1. Cache EXR header metadata (high impact)

dump_json_headers() was called on every frame read, serializing all EXR header attributes to JSON via ~400 RTTI dynamic_cast operations. Since metadata is identical across all frames in a sequence, this is now computed once per part index and cached in the OpenEXRMediaReader instance.

Files: openexr.cpp, openexr.hpp

2. Cache MultiPartInputFile handle (medium impact)

Imf::MultiPartInputFile was constructed fresh on every frame, paying the cost of a file open syscall + full header parse each time. Now cached per reader instance — when the same file path is re-read (scrub-back, multi-stream access), the existing handle is reused. Cache is invalidated automatically when the path changes.

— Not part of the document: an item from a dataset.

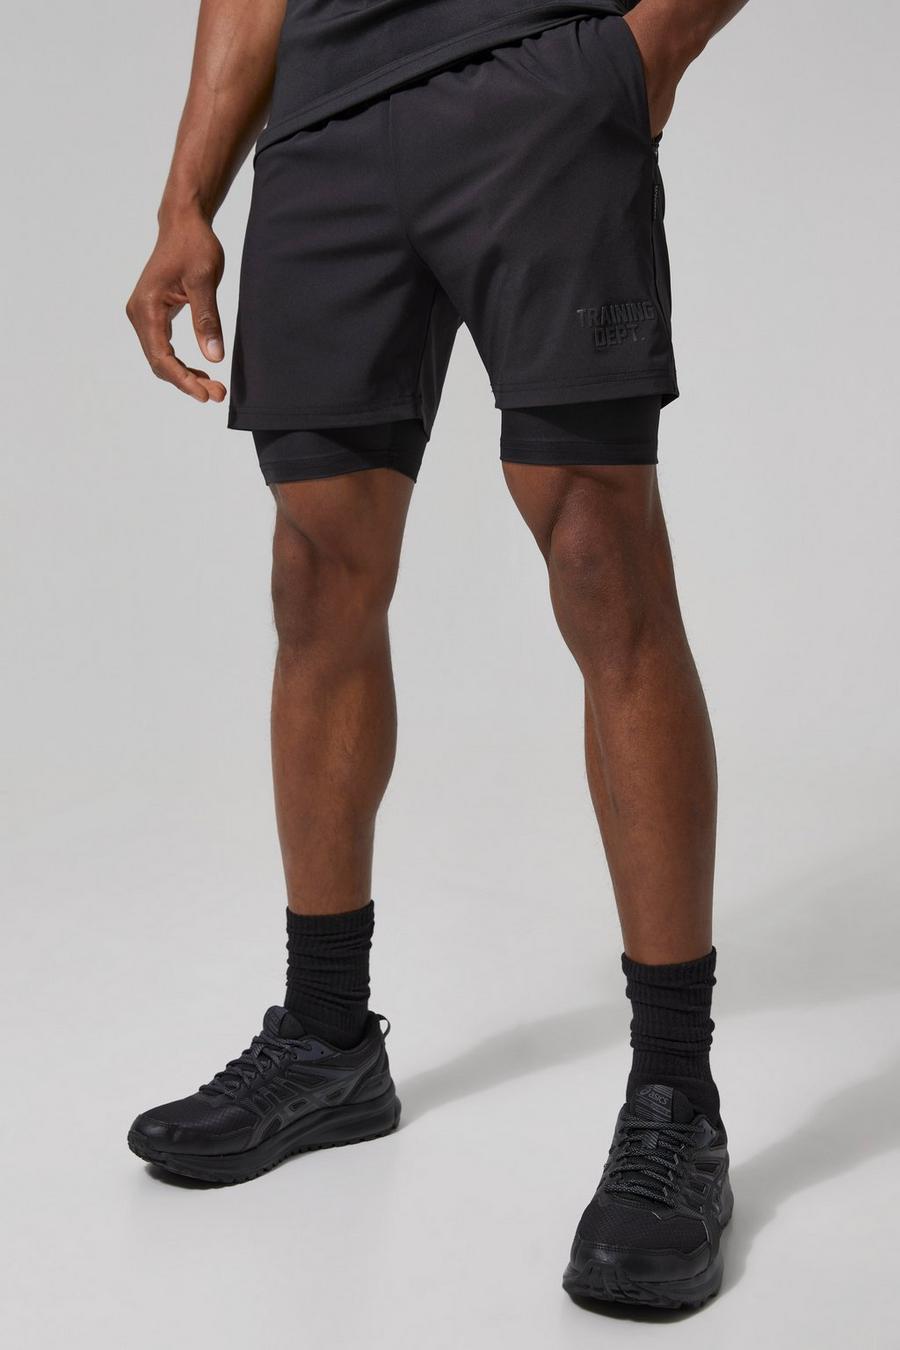 Pantaloncini 2 in 1 Man Active Training Dept, Black negro

Files: openexr.cpp, openexr.hpp

3. Batch precache cache checks (medium impact)

The do_precache() dispatch loop previously sent individual preserve_atom request/response messages to the cache actor for each frame — up to N sequential round-trips through the CAF mailbox. Now pops all available requests first, groups them by cache actor + playhead, and sends a single batched preserve_atom per group. The cache returns only uncached entries, and reads are dispatched only for those.

Extracted dispatch_precache_read() helper to keep the restructured do_precache() readable.

Files: media_reader_actor.cpp, media_reader_actor.hpp

4. Increase max_in_flight from 4 to 8 (low-medium impact)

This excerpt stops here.